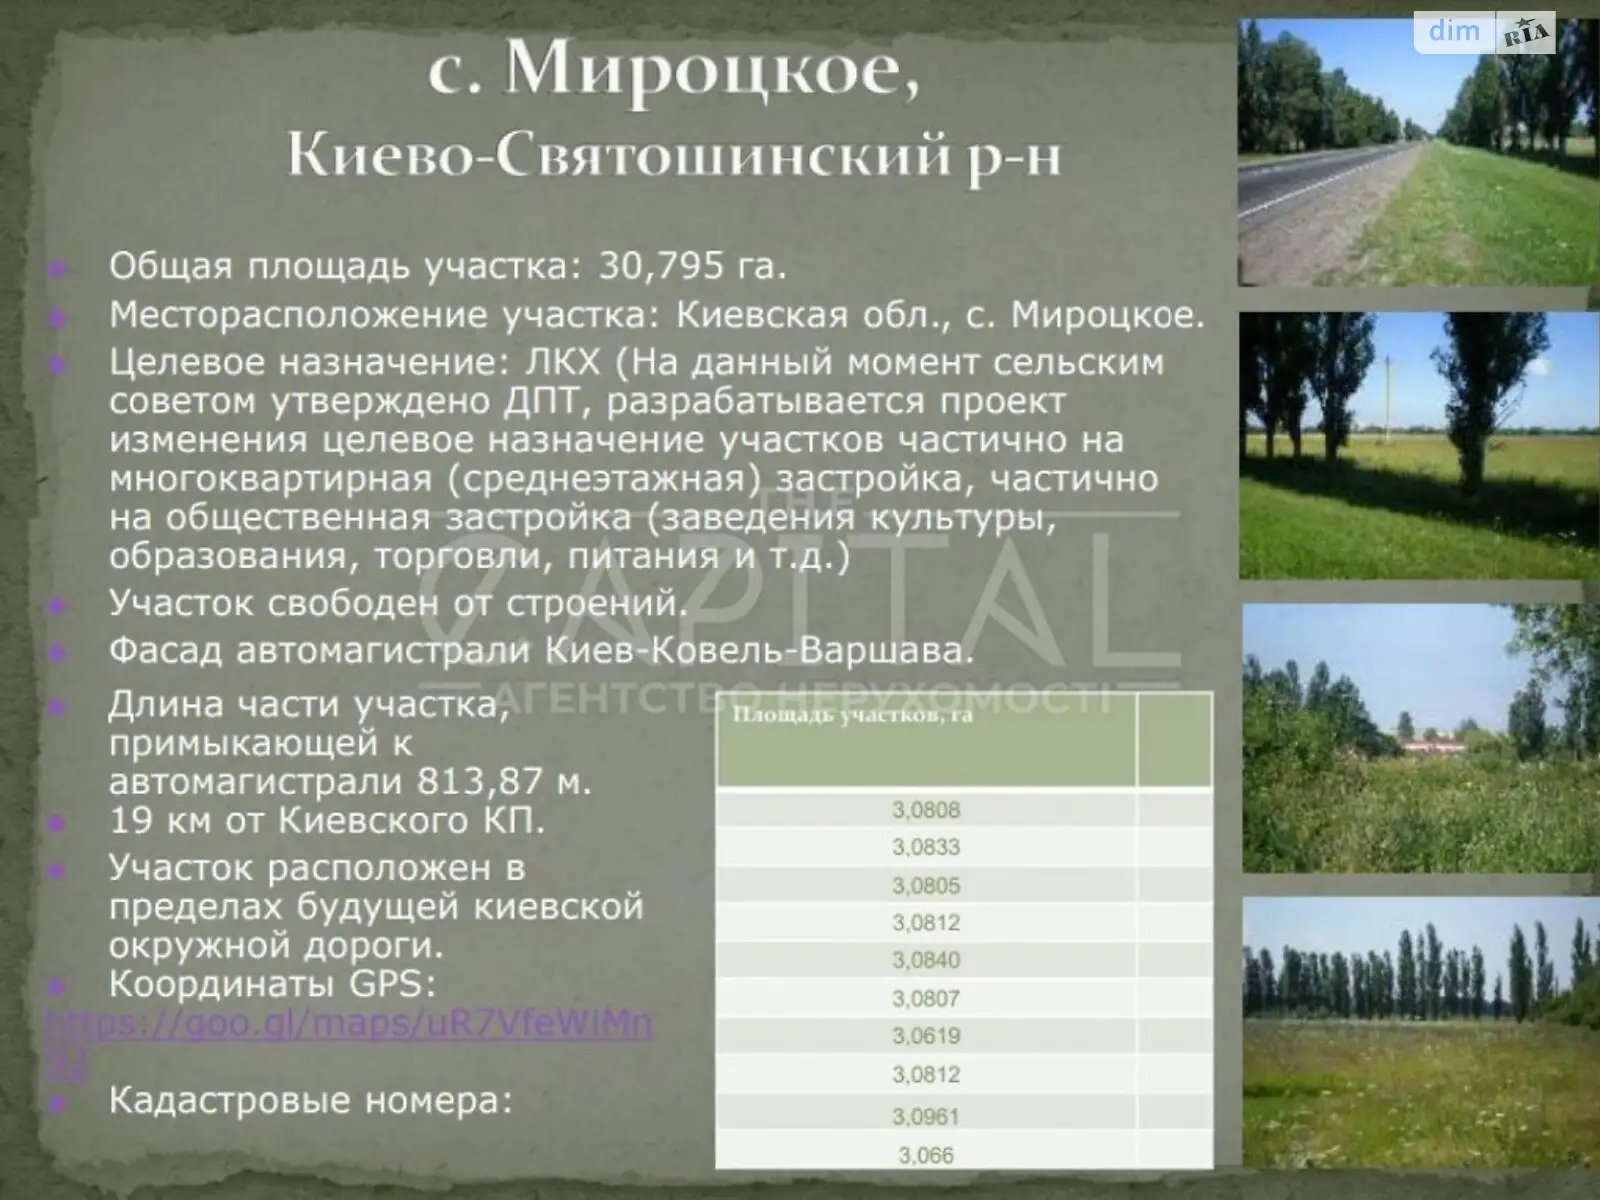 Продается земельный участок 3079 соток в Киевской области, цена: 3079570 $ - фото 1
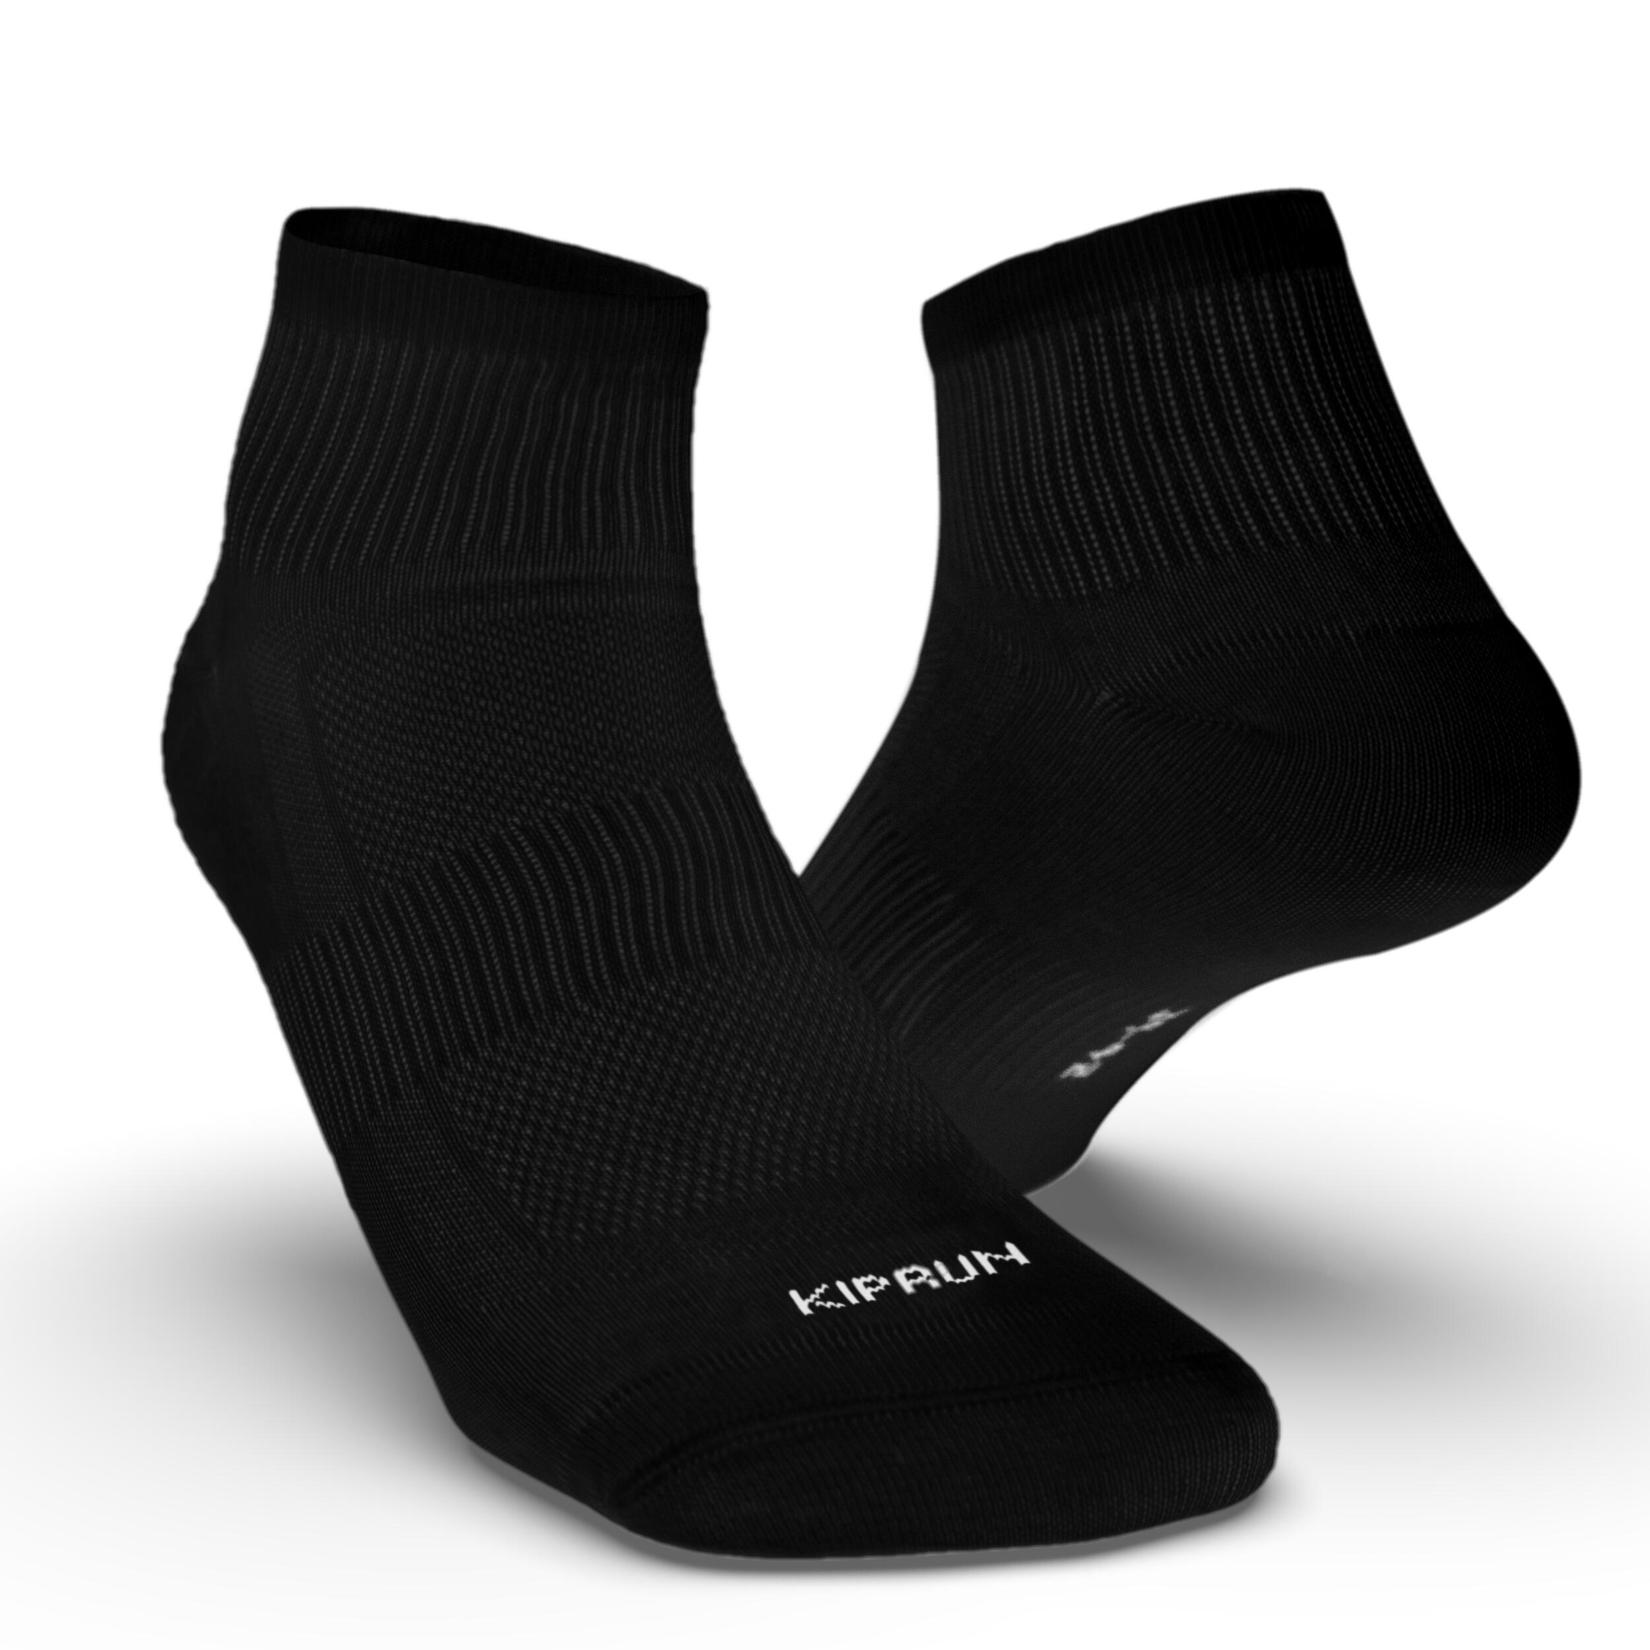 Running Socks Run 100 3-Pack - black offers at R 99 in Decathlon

* * *

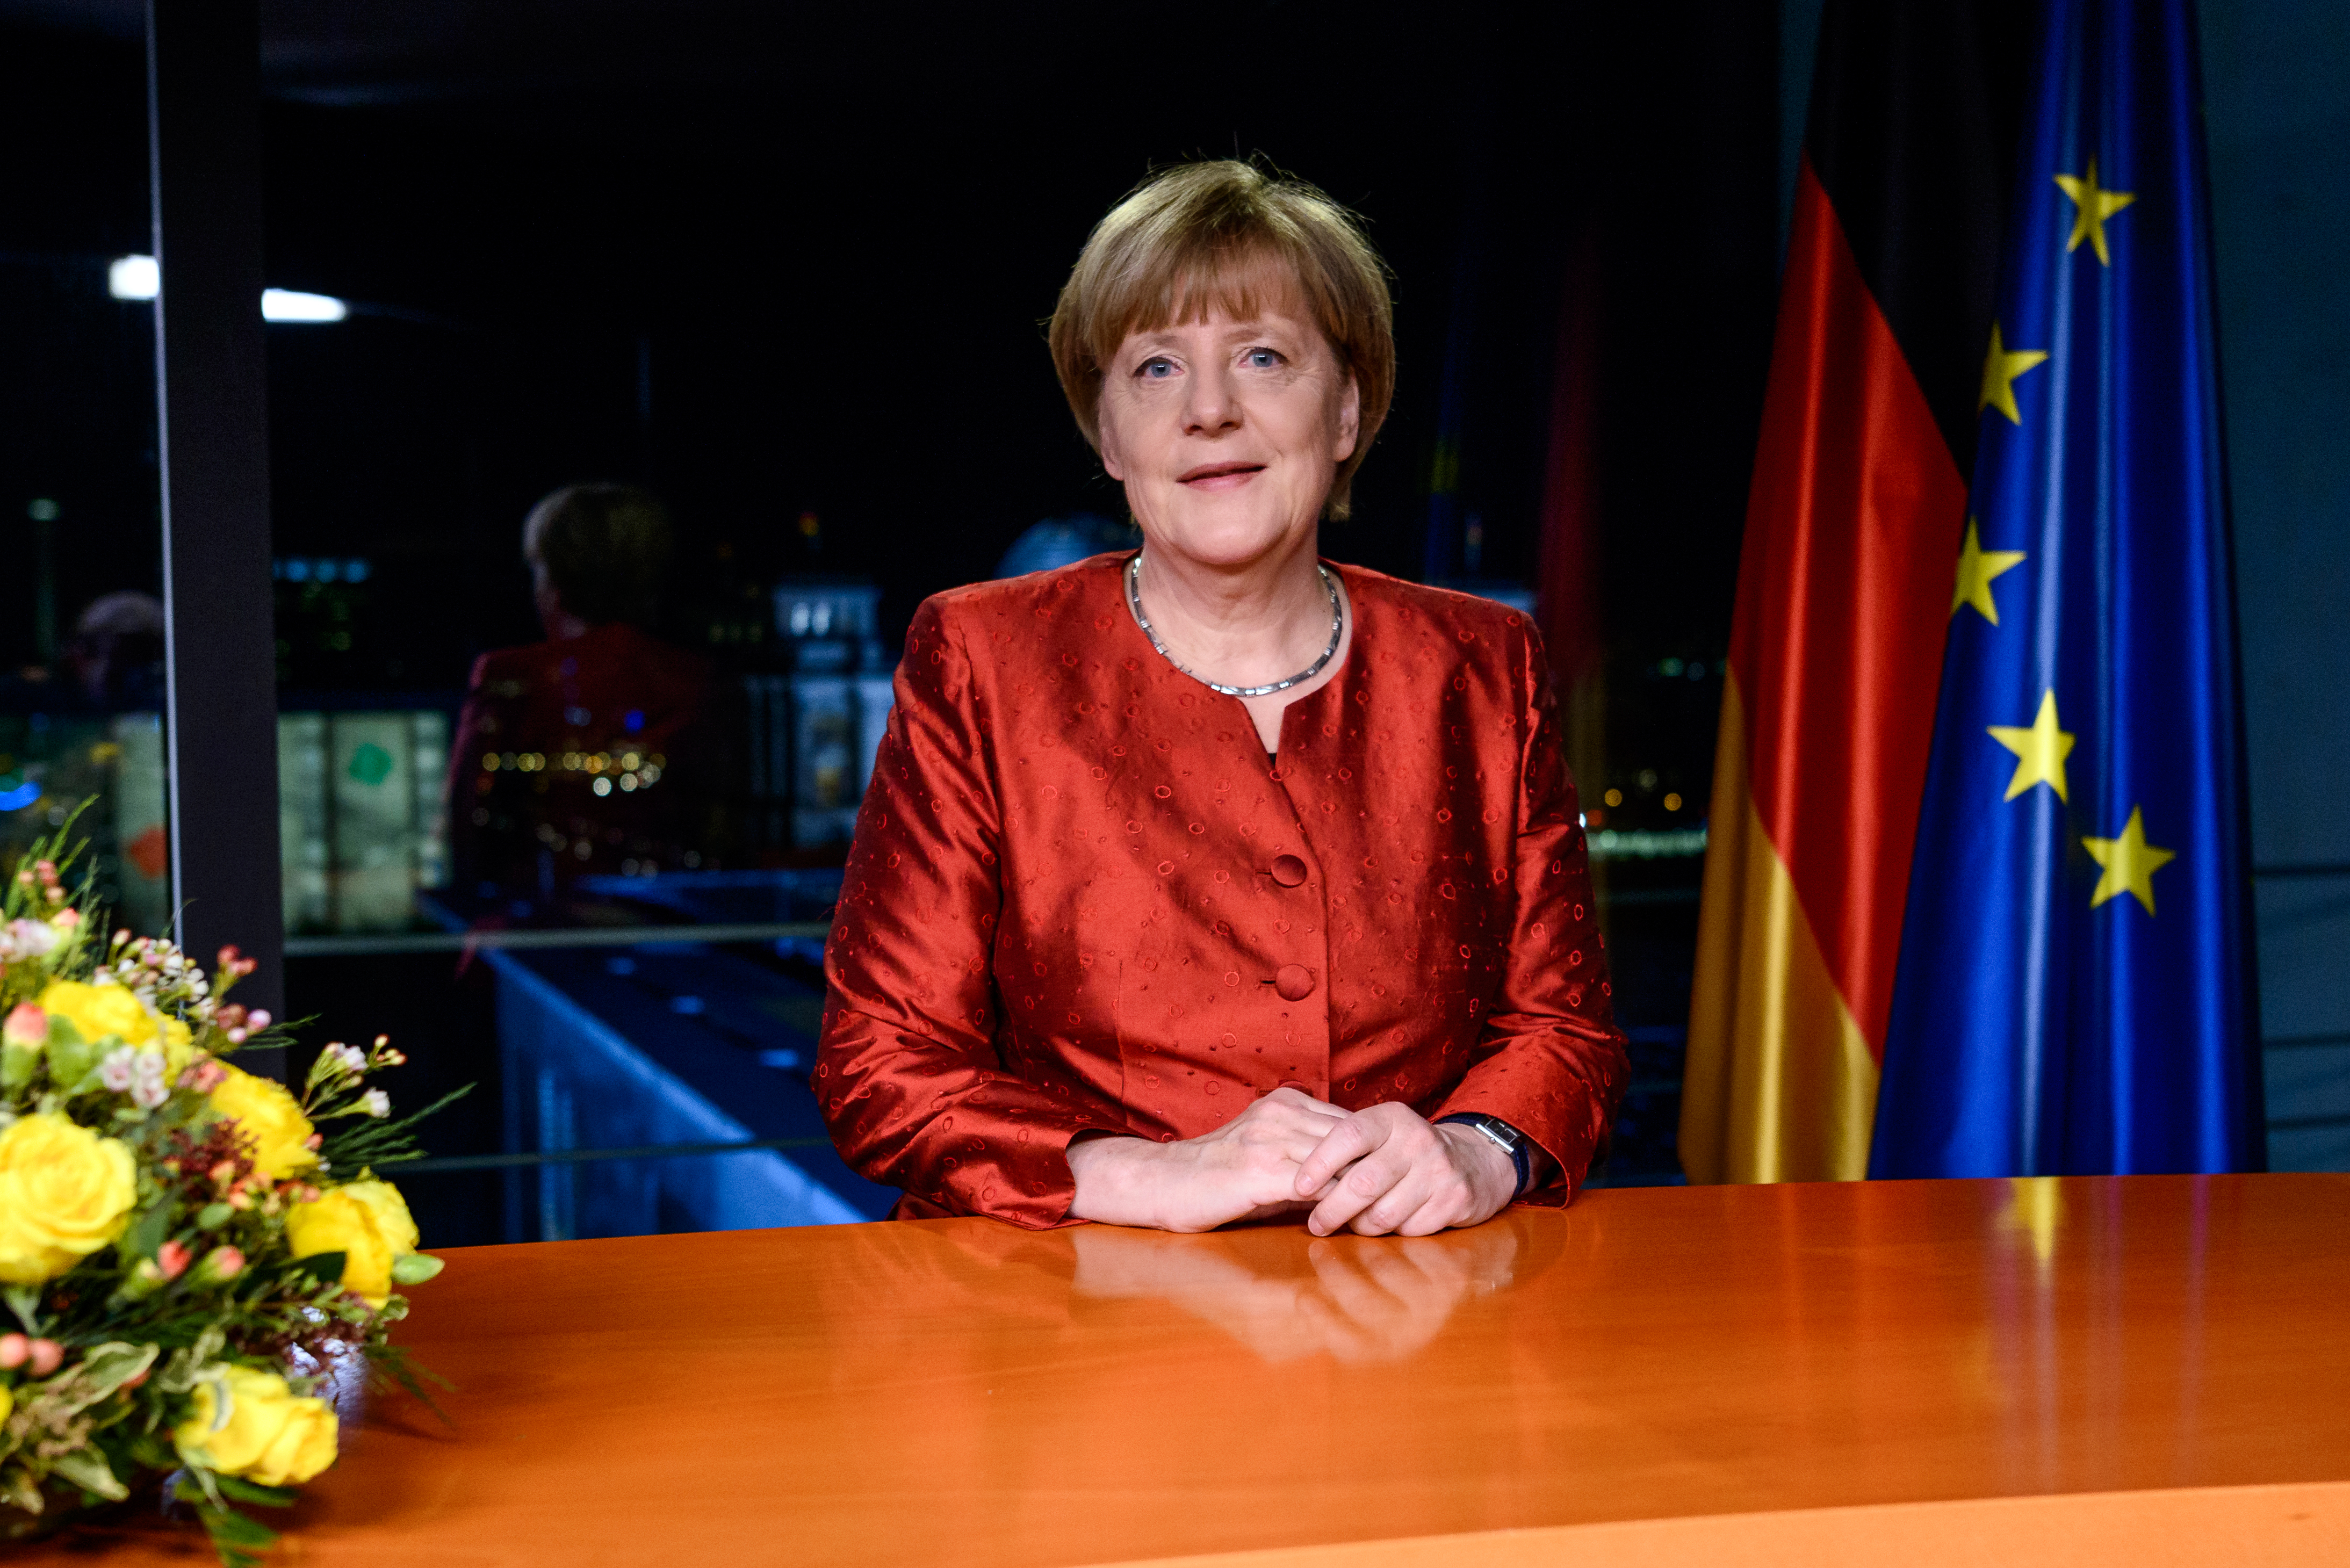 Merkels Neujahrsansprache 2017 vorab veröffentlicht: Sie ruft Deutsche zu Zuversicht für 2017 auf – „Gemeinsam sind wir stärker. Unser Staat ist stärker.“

• **Task objective**
Look above for the line containing "Продается земельный участок" and the line containing "Running Socks Run", then reproduce both and everything between them exactly, pictures omitted.

• **Worked solution**
 Продается земельный участок 3079 соток в Киевской области, цена: 3079570 $ - фото 1
 Running Socks Run 100 3-Pack - black offers at R 99 in Decathlon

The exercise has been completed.